With last night’s passage of the Senate’s financial reform bill, next up is what’s called “conference,” where the House and Senate must resolve any differences and merge their two bills. In size and scope, the two bills are pretty much the same. But as always, the devil is in the details.
Here’s a breakdown of the differences between the House bill, shepherded through that chamber by Rep. Barney Frank (D-Mass.), the House financial services committee chairman, and the Senate’s, which relied on the negotiating acumen of Sen. Chris Dodd (D-Conn.), the banking committee chair, and Majority Leader Harry Reid’s (D-Nev.) hard-charging leadership. I’ll be updating this post as I dig through the two bills for more notable discrepancies.
Consumer protection: The House’s bill calls for an independent and—more importantly—standalone Consumer Financial Protection Agency. This CFPA would be in the mold of the Environmental Protection Agency, and its leader would be appointed by the White House, like the EPA’s director. The Senate’s bill would create a Consumer Financial Protection Bureau, housed within the Federal Reserve. That bureau would be independent—with its own budget, a presidentially-appointed leader, no influence from the Fed—but wouldn’t be standalone because it shares an address with the Fed.

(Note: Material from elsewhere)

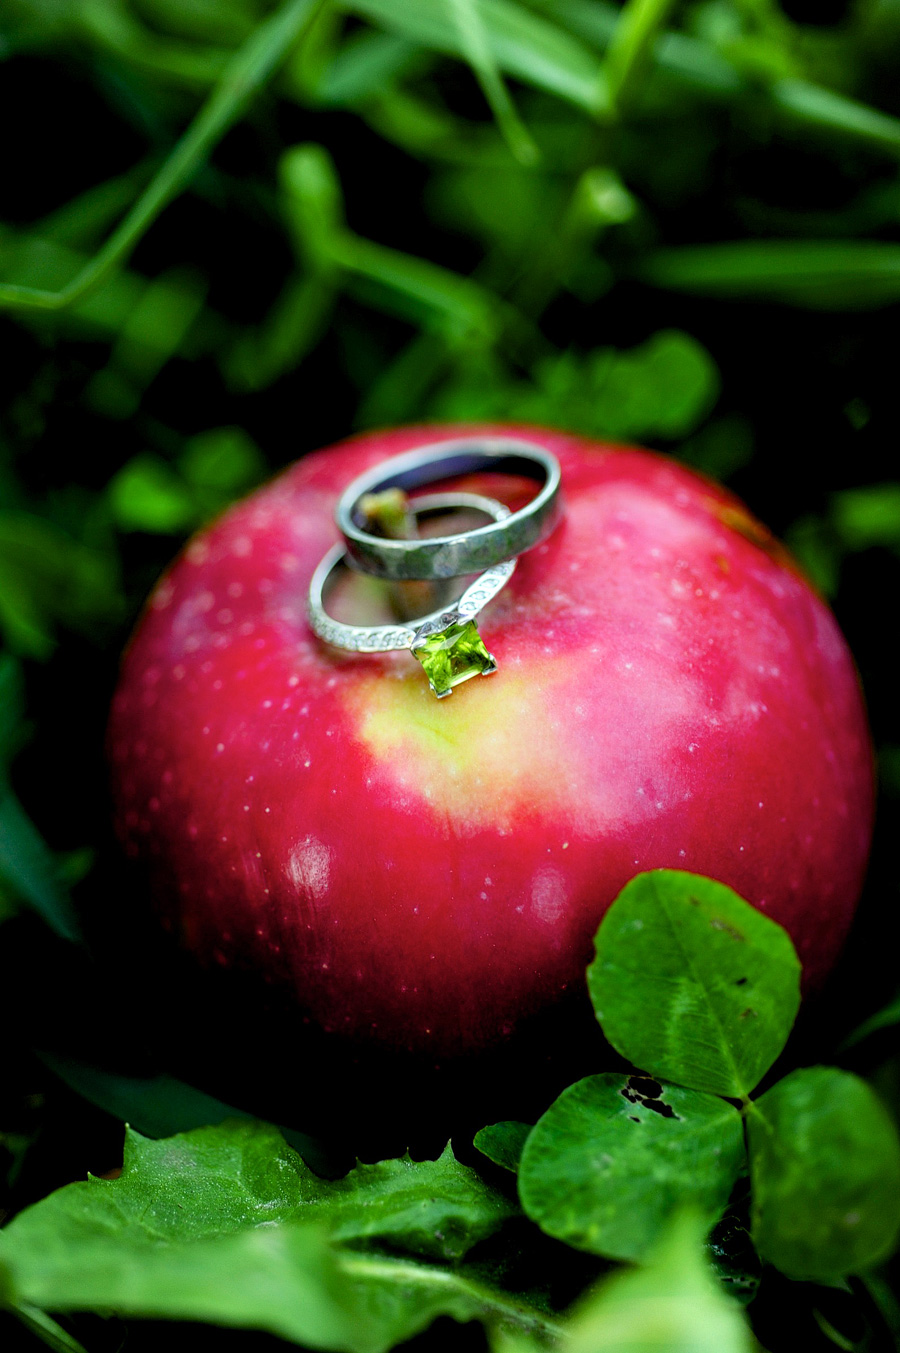 Alisa & Kim's stunning engagement rings! We did part of the session at an apple orchard, so it seemed appropriate. :)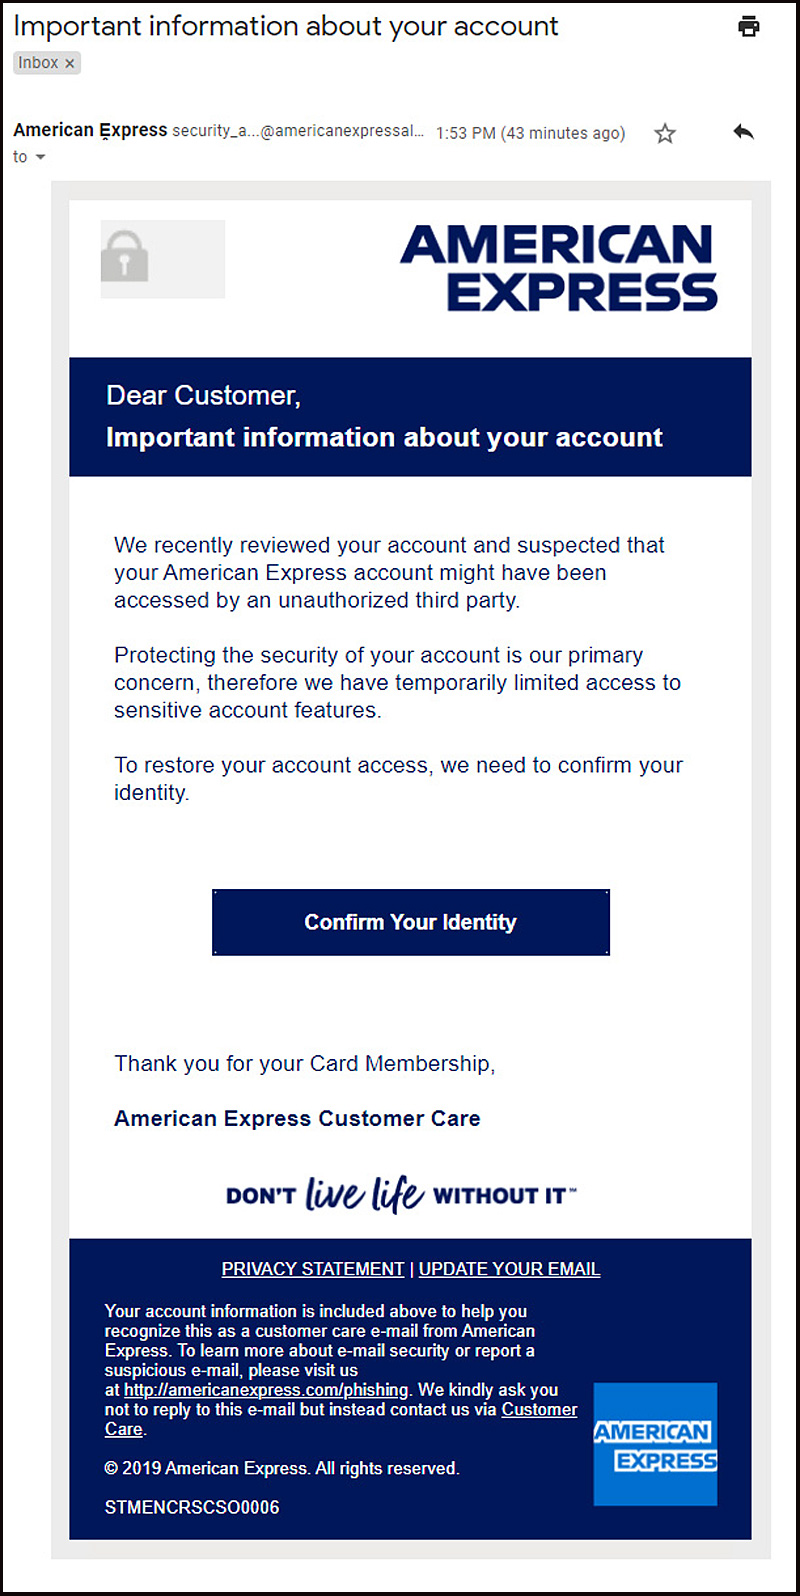 This AMEX Email Phishing Scam Wants You Homeless & Poor, With A Zero

Both the House and Senate’s consumer watchdogs would oversee would be nearly identical types of transactions. But there’s one big discrepancy: auto dealers. The House exempts them from oversight, the Senate doesn’t. Watch for the big dealer trade groups, like the National Automotive Dealers Association, to lobby furiously to preserve the House’s exemption in the final bill. Dealers, however, face a major opponent to that exemption: President Obama, who earlier this month said that “auto dealer-lenders make nearly 80 percent of the automobile loans in our country, and these lenders should be subject to the same standards as any local or community bank that provides loans. Auto dealer-lenders offering transparent and fair financing products to their customers should welcome these reforms, which will make their competitors who don’t play by the rules compete on a level playing field.”
Auditing the Fed: The House bill calls for a broad audit of the Federal Reserve, scrutinizing the Fed’s multitrillion-dollar bailouts in 2008 and 2009. The Senate bill does the same. The difference between the two is that the Senate’s audit language is far narrower in order to prevent the auditor from looking at and potentially politicizing how the Fed determines monetary policy, such as setting interest rates. The House bill would potentially allow the auditor to examine monetary policy, a reform the Fed has vehemently fought over the past year.
Derivatives: The Senate bill is considerably tougher and more far-reaching in its derivatives reform than the House version. Thanks to Sen. Blanche Lincoln (D-Ark.), the Senate bill would force big banks—think JPMorgan Chase, Bank of America—to break off their “swaps” trading desks (here’s a good description of what those are) and make them separate subsidiaries. Banks hate this proposal because these swaps desks are incredibly profitable. JPMorgan made $11.7 billion in profits last year, but a study by financial analysis firm Sanford C. Bernstein estimated that JPMorgan could lose as much as 10 percent of those profits under these new derivatives rules. The House bill does not include the spin-off provision, and the Obama administration doesn’t support it. Look for this proposal to be dropped during conference.
The House and Senate bills do align when it comes to shedding some light on derivatives trading and reducing systemic risk. Both the bills would force derivatives trades to go through “clearinghouses,” through which all derivatives trades must be approved and processed. Having a central counterparty forces buyers and sellers to put up cash or other collateral in case their trades go south, which helps lessen the blow of major losses in the derivatives markets. Instead of having one party absorb staggering losses (i.e., AIG in 2008), the losses are spread out more and the risk of catastrophic meltdown is greatly decreased. The two bills would also require most derivatives trades to take place on exchanges, like the New York Stock Exchange, where prices and volume are visible, a requirement sure to make it into the final bill.
Too-big-to-fail: Both bills would create a new council of regulators whose job would be to stop big banks from becoming too-big- or too-interconnected-to-fail. That council—consisting of the Treasury secretary and Federal Reserve chairman, among others—would collect financial data on deposits and consumer purchases, and use that data to track the growth of the nation’s biggest and most powerful banks. The House bill would give that council more power, like forcing banks to hold more capital reserves to cushion against losses if they’re engaging in a lot of risky deals. The Senate leaves those decisions to the Federal Reserve.